Ребята выбираются из санок, озираются.
Кордон среди огромных берез. Ветки, припорошенные инеем, — настоящее кружево. Пушистая поляна, пушистые березы, и на небе над березами пушистое.
На втором крыльце, где дверь забита досками крест-накрест, прыгают, посвистывают синицы.
— Синички мои! Тоже гостям рады! — возникает за спиной гостей Митрофан Митрофаныч. — Конь кушает. Овсеца засыпал вволю. Теперь и мы в тепло, хозяева природы.
В доме на скобленых полах синие половики, в красном углу портрет Сталина, под ним полотенце с красными петухами.
Хозяйка дома пышет, как печь, здоровьем, улыбкой, радушием.
— Проходите! — поет она. — Мальчики-то! Красавцы! А девочка-то! Чистый ангел!
— За стол! За стол! — командует бодро Митрофан Митрофаныч.
И все садятся за стол.
Хозяйка носит закуски: грибы, капусту, огурцы. Сало, сметану, вареники.
— Чем богаты! Чем богаты! — приговаривает она.

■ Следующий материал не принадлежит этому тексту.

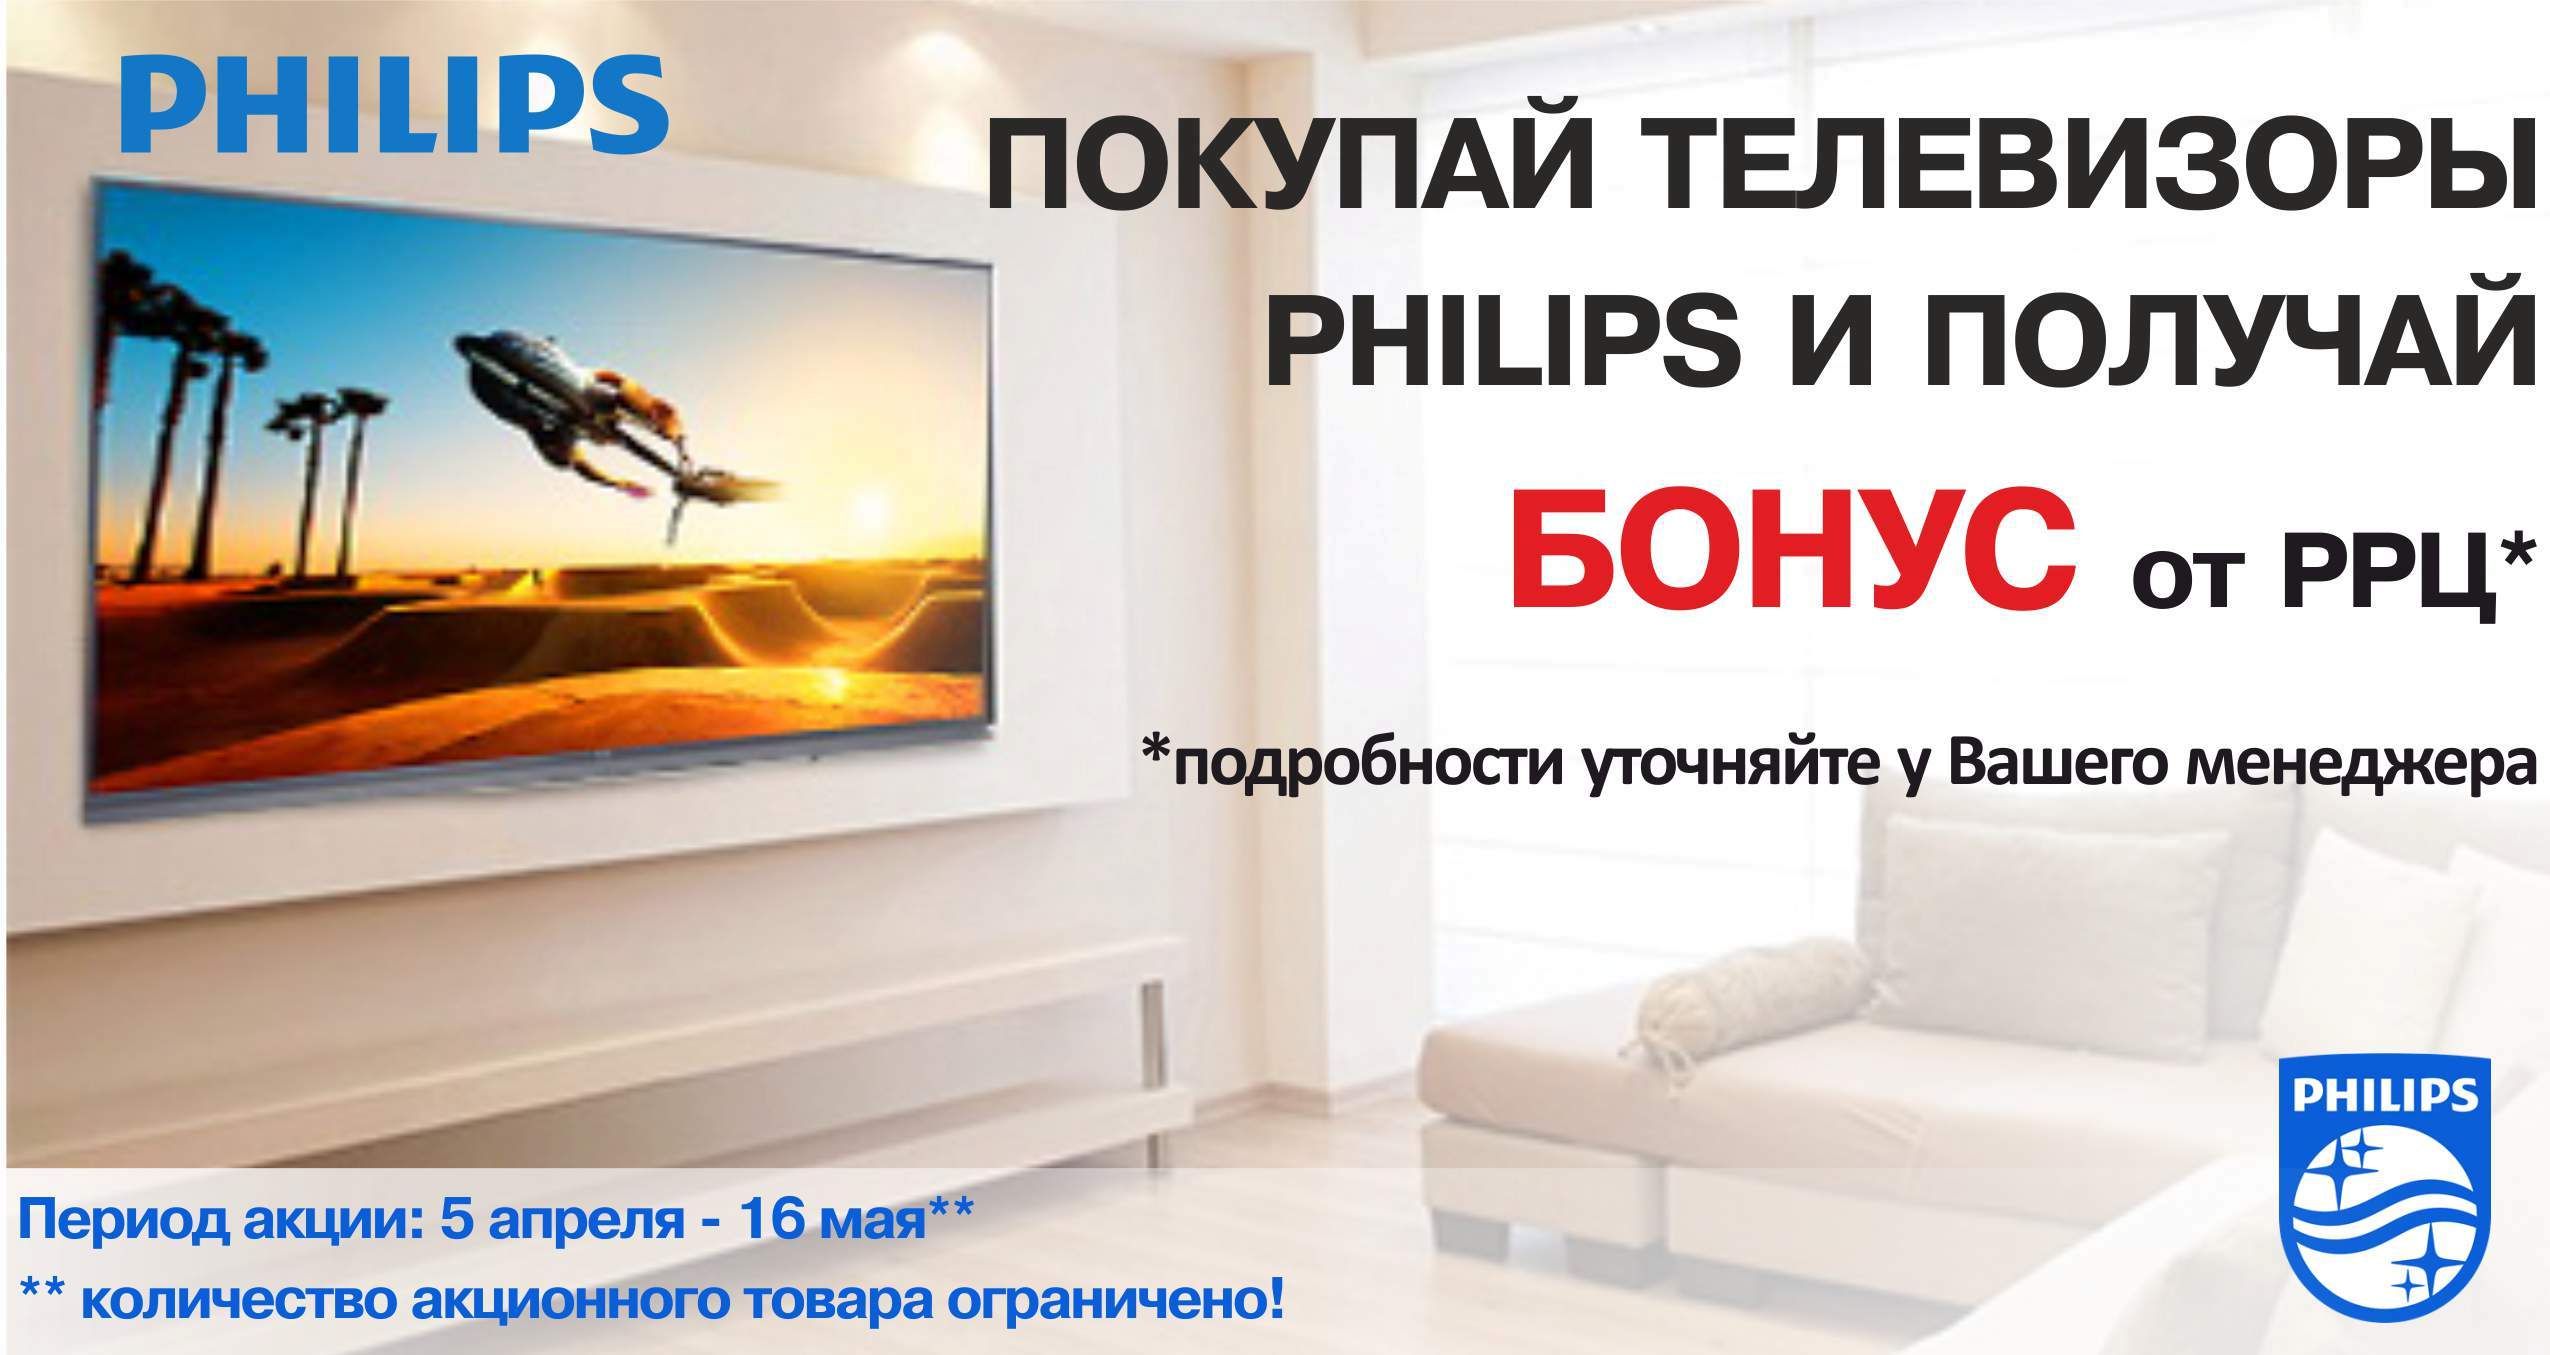 Бонусы за покупку телевизоров Philips

Перед детьми поставлен красный свекольный квас.
Отец нахваливает геройство Митрофана Митрофаныча.
Оказывается, он дважды подавал заявление в военкомат, чтоб на фронт взяли. Первый раз, когда «ворога» погнали от Сталинграда, во второй раз — когда войска наши вступили в западные страны.
— Рубки ухода у него, как городской проспект, — Страшнов хлопает Митрофана Митрофаныча по плечу. — Недавно проверяли его работу — оценка «отлично». А какие питомники! Я в научно-исследовательском институте, когда диплом писал, таких не видал. Без преувеличения — каждое дерево знает. Каждое дерево ему родное. При мне сухостой рубили. Так Митрофан Митрофаныч аж занедужил. «Знаю, — говорит, — глупость, но как возьмутся пилить лес — плачу. Ведь сколько росли, родимые, сколько радовали…» На таких лесниках все лесное хозяйство держится.
Это же самое отец и вчера ночью говорил маме, и мама, послушав, спросила:
— А чего ж Кривоусов к нему ездит?
— А пропадите вы пропадом! — рассердился на маму отец. — Отчего ж Кривоусову к леснику не приехать! Кривоусов, чай, директор!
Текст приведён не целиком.